Он встал из-за стола, со всеми попрощался, оделся, прихватил рюкзак и поспешил на учебу. В колледже Билл не был уже больше недели, и появляться на учебе ему казалось чуждым. Взяв волю в кулак, он пересилил себя и свои внутренние страхи. В колледже на него уже не смотрели так, как до этого, а наоборот, многие удивлялись его настроению и бодрости духа. Преподаватели соболезновали утрате, а сверстники молча хлопали его по плечу.
После учебы Бенктон торопился к Джессике, поэтому совсем забыл купить ей мазь от растяжения, что она просила днем ранее. Постучал в дверь. Перед ним снова стояла бабушка Лиза, но на этот раз она не хмурилась, а приветливо улыбалась.
– Проходи, Билли!
– Спасибо! – сказал Бенктон, робко переступая порог.

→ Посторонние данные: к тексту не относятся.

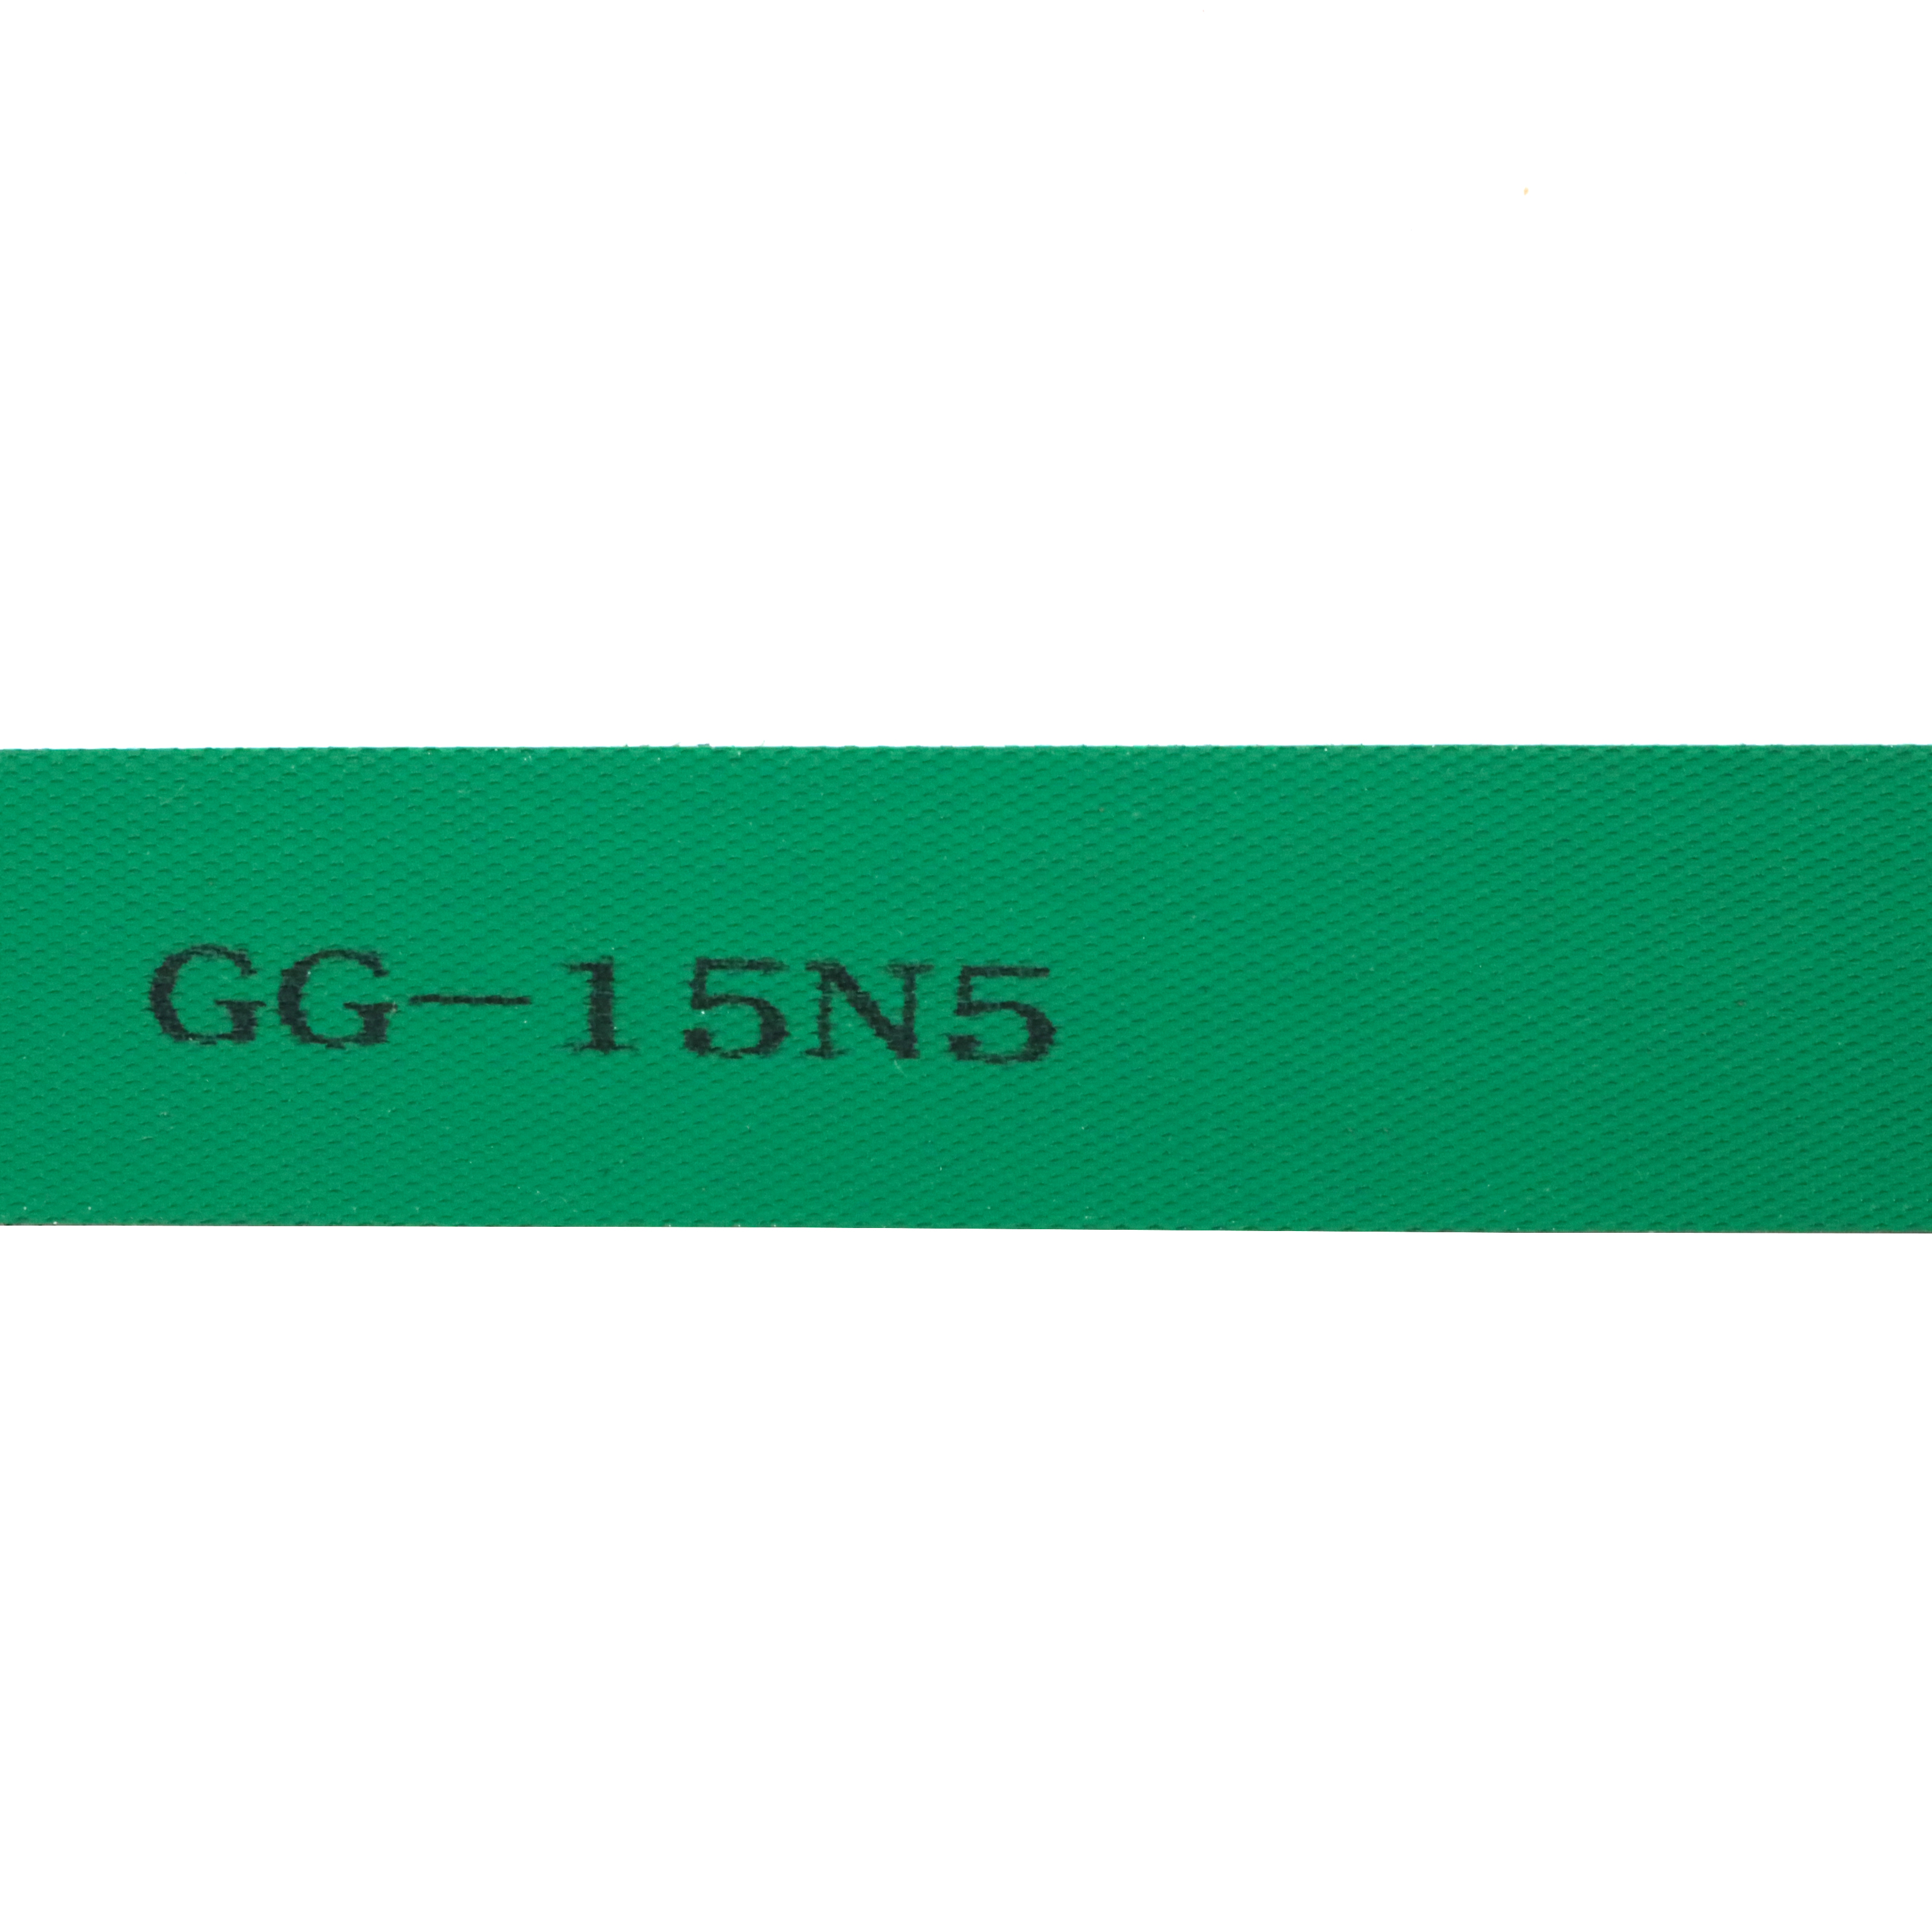 GG-15N5
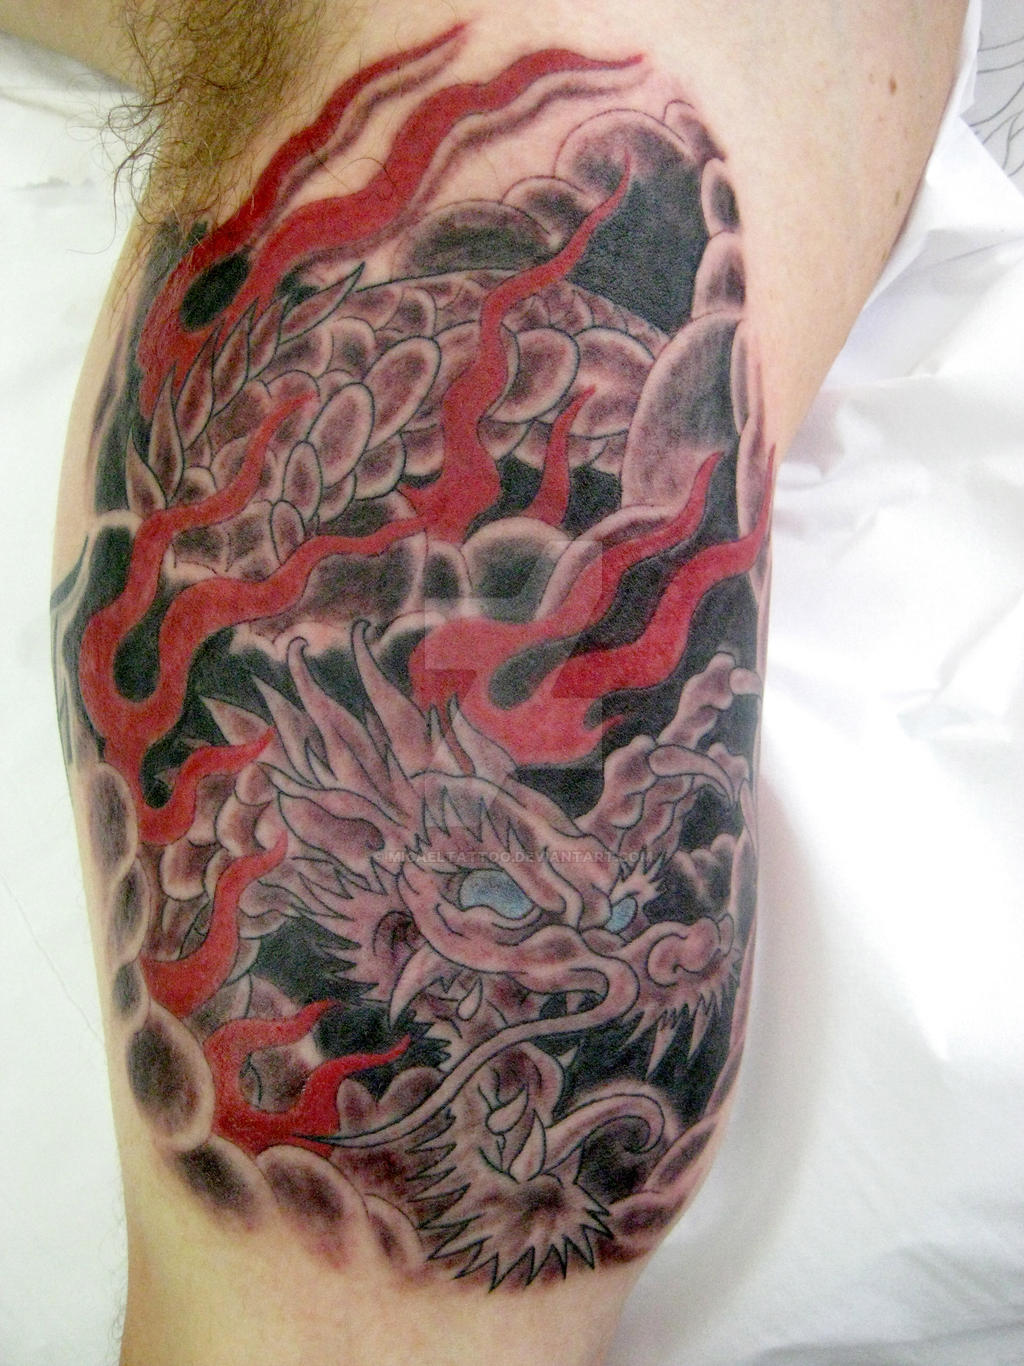 Oriental dragon tattoo

Джессика ждала его в дверях своей комнаты. Она светилась от счастья и даже не злилась на него за забывчивость. Поцеловала и пригласила к себе. В комнате они занимались математикой, веселились и слушали музыку.
Спустя пару часов они вышли. Билл подхватил Джессику на руки и отнес в кухню. Девушка смеялась, а бабушка радовалась за счастливые годы внучки. Вместе перекусили и пообщались о жизни и будущем. Биллу нужно было бежать на работу, поэтому задерживаться он не мог, хотя и уходить из теплой компании тоже не желал. Бабушка собрала ему небольшой паек, после чего проводила его, закрыв за ним дверь.
На работе время для Билла летело с неимоверной скоростью. Там он не протирал штаны, как в колледже. Машины для отгрузки подъезжали одна за другой. Бенктон так уставал, что иногда приходил домой без памяти и моментально засыпал.В эту смену из-за сильного снегопада две машины пришли с опозданием, поэтому Биллу пришлось задержаться почти на час.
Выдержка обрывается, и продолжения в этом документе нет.